Paris ballet's foreign legion reaches for the stars  

Paris ballet's foreign legion reaches for the stars  

PARIS - AFP

Watching YouTube as a child in Australia, the idea of one day joining the ranks of the hallowed Paris Opera Ballet seemed nothing short of an impossible dream.

It didn't stop Bianca Scudamore daydreaming about it, though. And now, having just turned 19, she's the rising star at the world renowned company, where a cosmopolitan generation of young dancers are making names for themselves.

Unlike the Royal Ballet in London or the New York City-based American Ballet Theater, the Paris Opera Ballet has very few foreign dancers of its 154, only 25 are not from France.

That's more than was traditionally the case, as dancers from elsewhere have in recent years been accepted into its hierarchical ranks, some even without having first trained at the company's prestigious ballet school, unthinkable, at one time.

In 2012, Argentina's Ludmila Pagliero became its first dancer from Latin America to be named an "etoile," a term reserved for a select few, equivalent to principal dancer. There have been a few other non-European "etoiles."

Described as the "baby ballerina" because of her tender age, today she is just two steps away from the lofty "etoile" title.

Scudamore threw herself into the English-style classical ballet of The Royal Academy of Dance, aged 13. At 14, she auditioned for the Paris company's ballet school, despite her teacher's reservations.

"My teacher told me, 'foreigners don't really get to this school, you don't really have any chance,' so I said I am going to take my chance," she said. It paid off.

Nevertheless, she had to adapt to the French school of dance, a style of ballet rooted in tradition and quite different from what she had learned in Australia.

The foot movements are much faster and more difficult and another difference is in the epaulement, or use of head and shoulders in ballet, Scudamore said, of the Paris technique. She faced other challenges too.

"In the beginning it was very hard because I am very close to my family," she said. "The whole year I cried almost every night. But it was the ballet that kept me going, kept me motivated when I was feeling down," she added.

Now she feels at home in Paris and has a strong social media presence, with 16,000 Instagram followers.

For Sae Eun Park, a 29-year-old South Korean, arriving in Paris was something of a rude awakening.

"I was a soloist with the Korean National Ballet and I danced all the principal roles. "When I arrived at the Opera I was on a limited contract and in the wings the whole time," she said. "But I learned a lot."

At 17, she won the Prix de Lausanne, the most prestigious ballet competition in the world, and discovered the French style of dance during lessons given by a former Korean Paris Opera dancer, describing it as a revelation.
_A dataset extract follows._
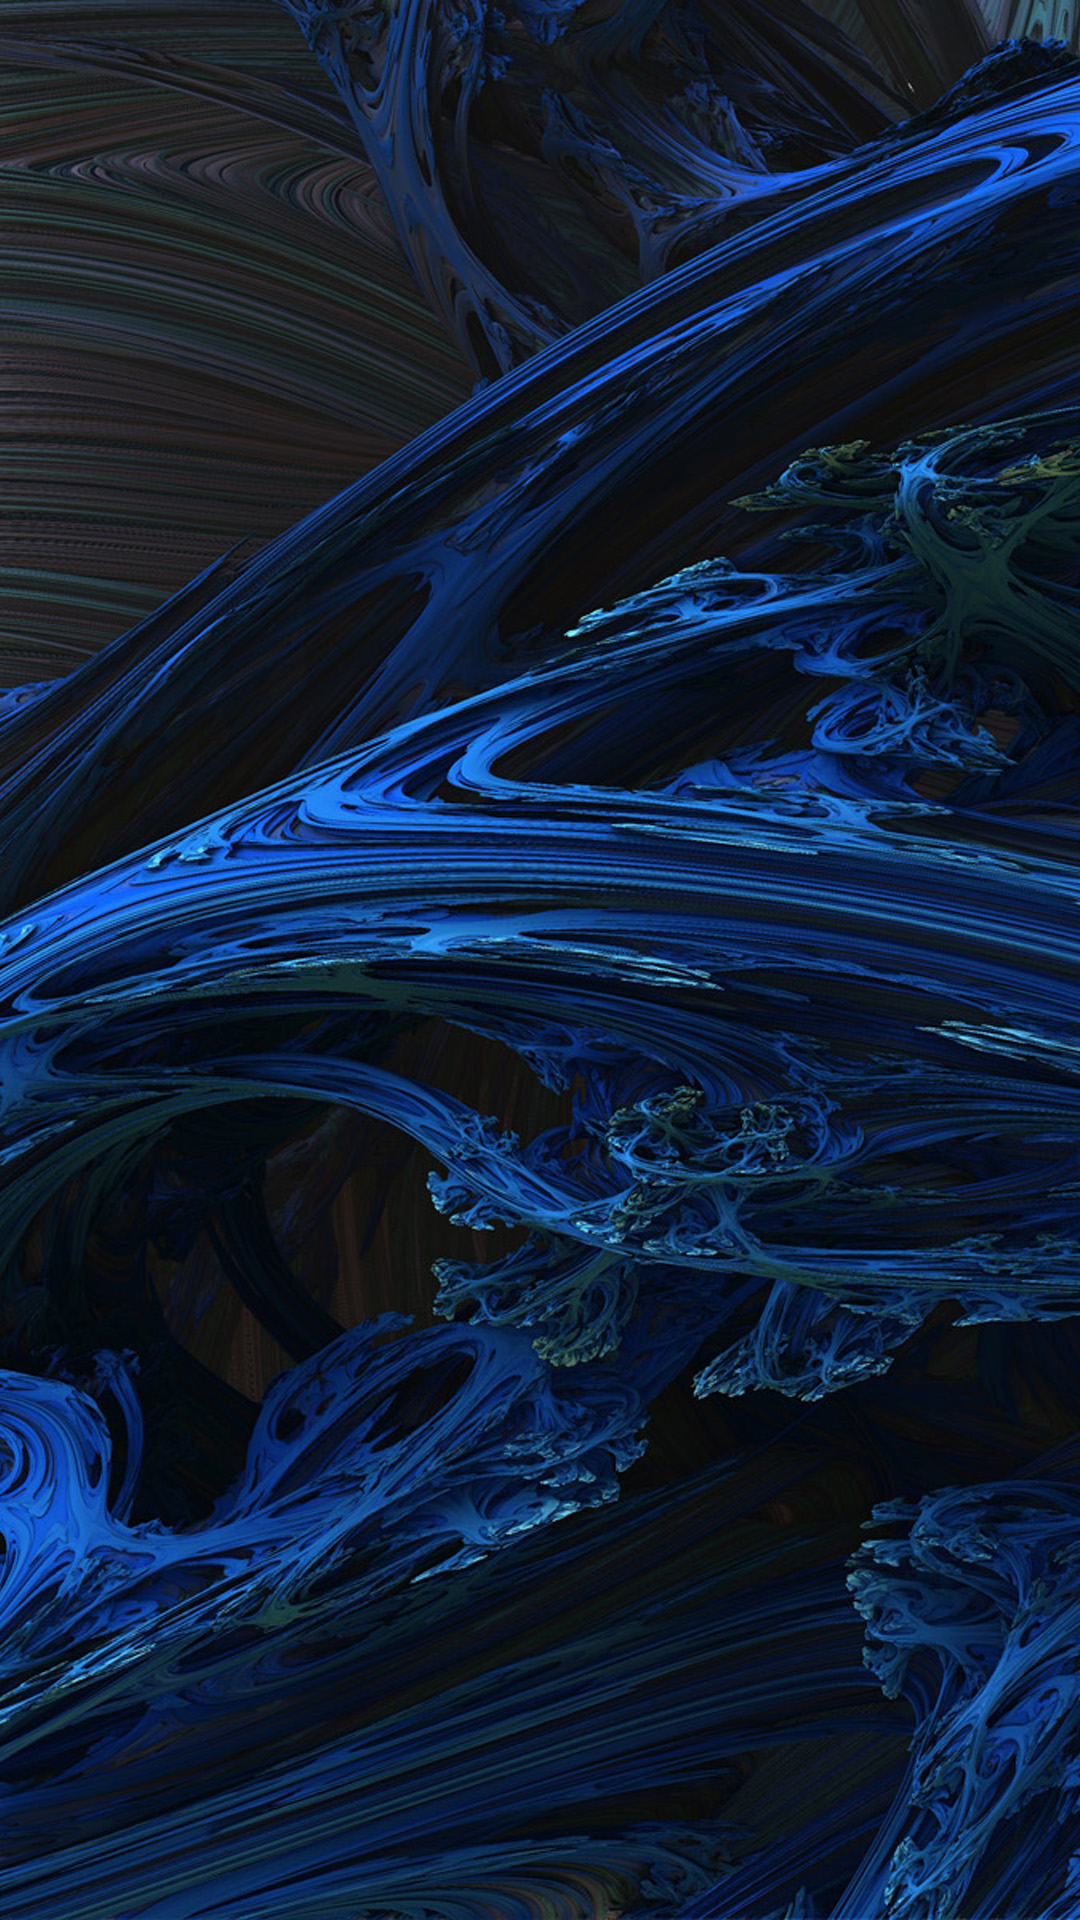 Blue 3d Abstract For Iphone 6 Plus Wallpaper Iphone 6 Plus Wallpaper Iphone12 スマホ壁紙 待受画像ギャラリー
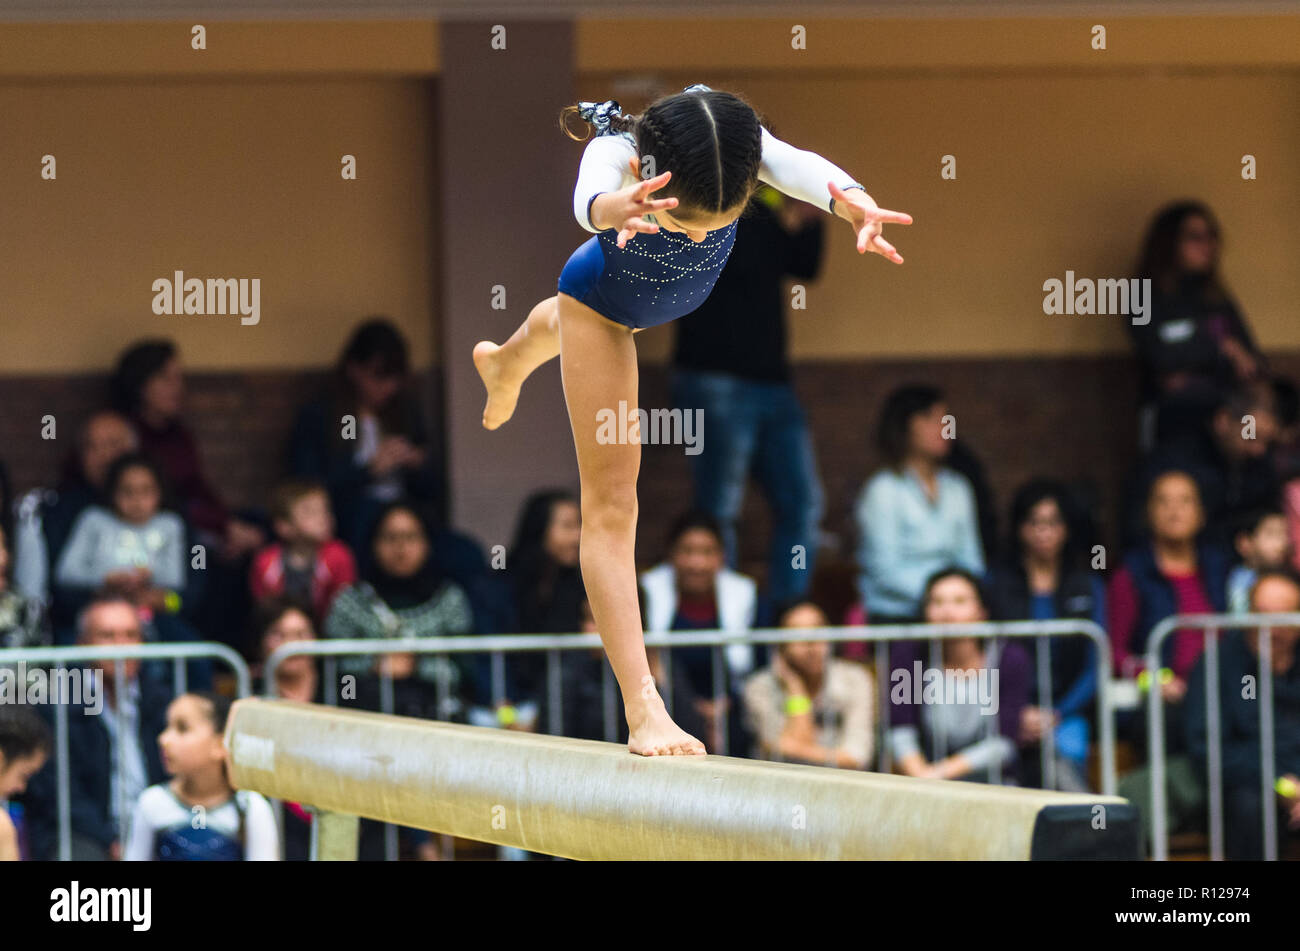 Young female gymnast performing handstand on balance beam, side view Stock Photo

In 2015, she was invited to dance at the celebrated Mariinsky Theater in Saint Petersburg.

In 2015, Chun-Wing Lam caused a sensation in his native Hong Kong when he became the first Chinese to join the Paris ballet.

"Dance is valued more in France. In Hong Kong, they found my story astonishing. He is a "quadrille", the most junior rank at the Paris company.

"The first two years were really hard. At the school, where I was a resident, the use of the telephone was forbidden in the day and with the time difference I found it hard to talk to my parents," he recalled.

The moment she'll never forget was seeing a video of the ballet "Cinderella" starring Rudolf Nureyev, the legendary Russian dancer who led the Paris Opera ballet troupe, and star Paris dancers Sylvie Guillem and Charles Jude.

"From that moment on, for me, Paris Opera was ballet," said Hannah O'Neill, now a first dancer, one step away from "etoile".

Born in Tokyo, the daughter of an ex-rugby player from New Zealand and a Japanese mother, the 26-year-old inherited a strong physique and love of dance.

At 14, she suffered a setback by failing the external competition for a place at the Paris school. Instead, she joined the Australian Ballet School in Melbourne and won the Prix de Lausanne and Youth America Grand Prix.

But she never gave up on her dream and was accepted by the Paris Opera at 18, arriving in the city without a word of French.       "I tried to copy as much as possible. I am quite good at mimicking. It was quite handy," she laughed.         

She, too, had to adapt to the French technique. "The footwork is accentuated, everything is more sophisticated and so stylish."        And she got her big break when Benjamin Millepied, head of dance from 2015 to 2016 who called for more diversity in the company, gave her the title role in "Swan Lake."